有一只叫海胆的猫-香如故(二)
阿龙
1 年前

沈思优的瞳孔睁大了一圈,没等她开口,林泉几不可查地叹了口气,然后挤出一抹笑来望向她:“能在遇到你,已经是我在梦里求不来的,你别管我了,我这样的人...”

  你是什么样的人,我又是什么样的人,我们有多不一样嘛,可在蹚这趟浑水,跳这个火坑之前,我难道没有想过嘛,你凭什么这个时候让我退缩?

  这些话哽在沈思优的心尖,未曾开言,楼道口那扇紧闭的门猛地被推开,带起了一阵阴寒彻骨的风,一个披着长长黑发的女人冲了出来,一把揽住林泉。

  沈思优看着她,她眼窝深陷,形容枯槁,穿着一件深灰色的睡裙,像是童话故事里的老巫婆,随便拎来一个孩子都能被她吓哭。

  “林泉,妈妈跟你说过了,不要跟任何人交朋友,你有妈妈就好了,要他们做什么?”

  想必这个看上去不太正常的女人就是林泉的养母,接着她抱住林泉,忽然声泪俱下:“宝贝,妈妈只有你,只有你了!你不能离开妈妈,你不要去上学了好不好,和妈妈在一起,好不好?!”

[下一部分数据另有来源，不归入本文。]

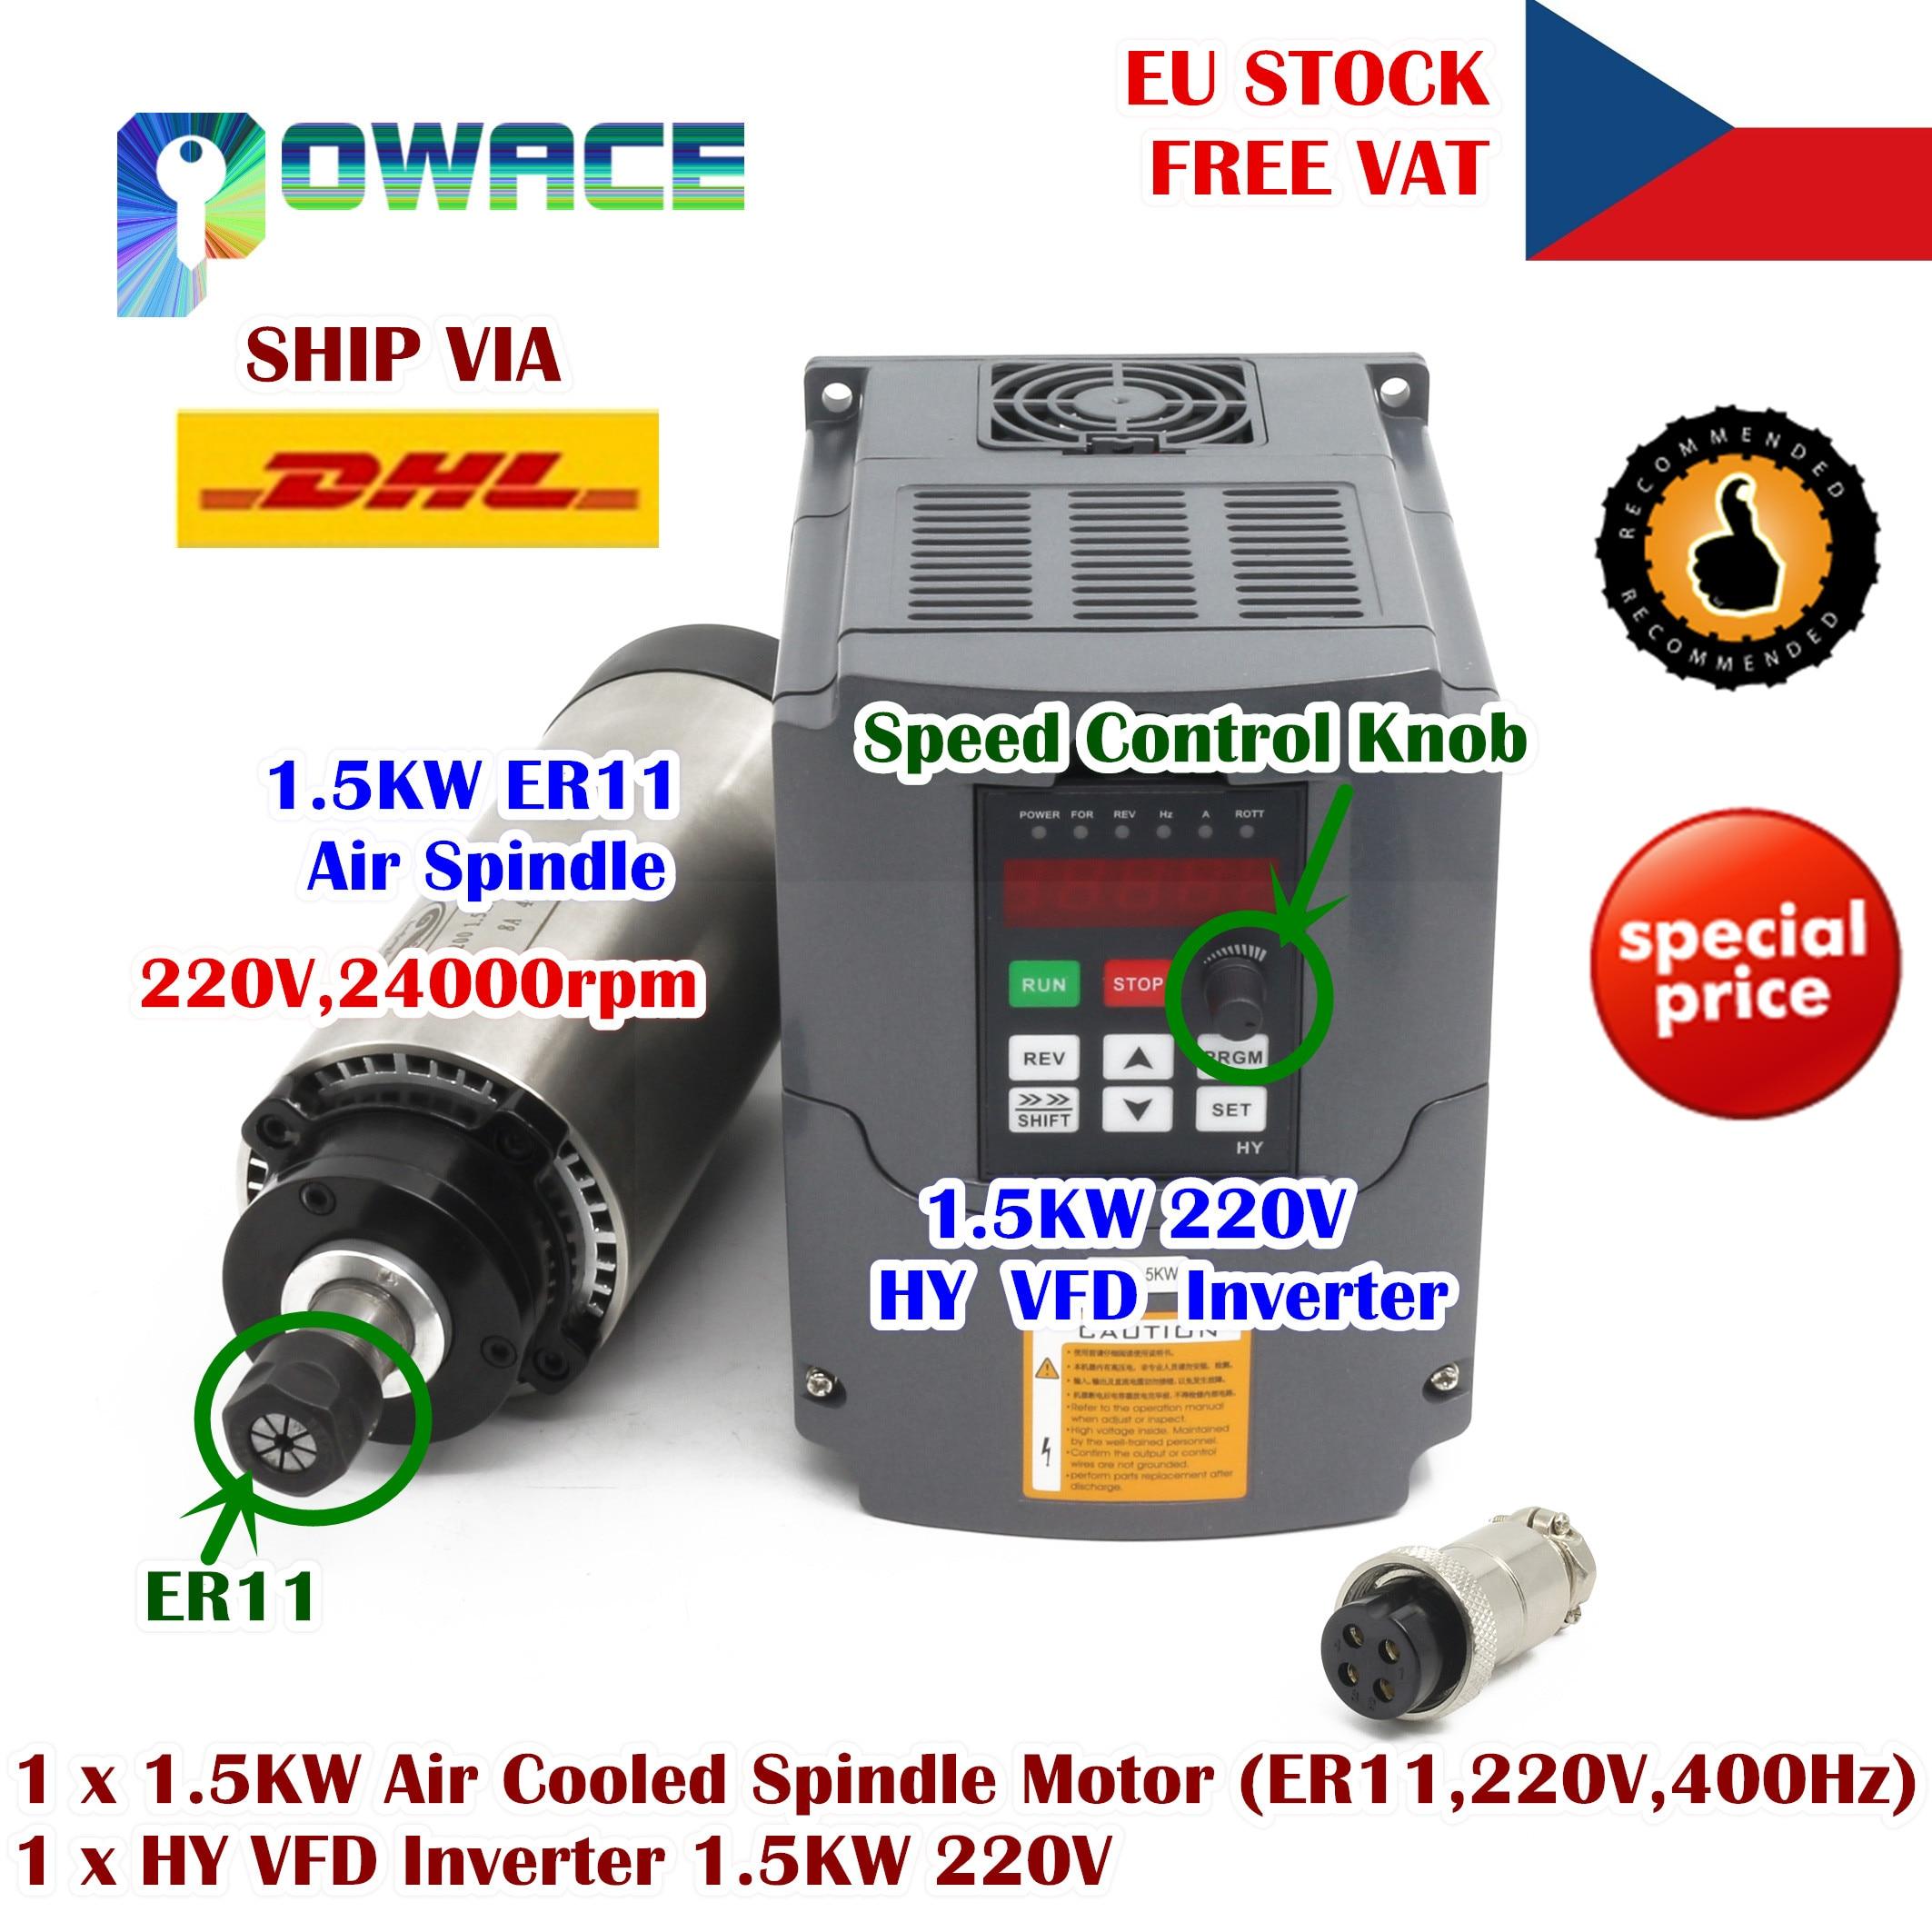 [Европейский НДС] электродвигатель шпинделя с воздушным охлаждением с ЧПУ 220 кВт ER11 гравировальное фрезерование + квт в привод переменной ча...

  接着她又用手指向沈思优的鼻尖,说那是手指头,却和一根骨头也没什么区别了,她厉声道:“你想对我女儿做什么,我告诉你,你离她远一点!”

  林泉连忙拦住她:“妈,妈,我们回家吧。”

  养母看着林泉,忽而笑了起来,笑得浑身颤抖,笑得面目狰狞:“好,我们回家,回家。”

  沈思优不禁打了个寒颤,云舟只说林泉被人领养后过得并不好,她却不想竟是这般情景。

  但她既然已经插手了,就没有撂挑子不管了的道理。

  次日,沈思优还在为林泉的事发愁的时候,贺子胥便穿过班级里吵吵闹闹的人群,把饭卡拍在了她面前。

  沈思优一抬头,没想到贺子胥这次这么痛快,可惜她终究还是低估了他不要脸的程度,之后的一个月,贺子胥每天中午都来定时骚扰她和她同桌的午饭。

  食堂座位本来就很紧张,贺子胥往对面一坐,沈思优和迟念妤再想换位置就难了,所以即使沈思优再不情愿也只能挺着。

  于是好好的午餐时光总是变得鸡飞狗跳起来,不是她挤破头抢到的鸡腿转眼就被抢走了,就是舀来几勺清汤粉被莫名滴进去半罐子的红油,最可气的便是吃糖醋小排的时候,从天而降的骨头。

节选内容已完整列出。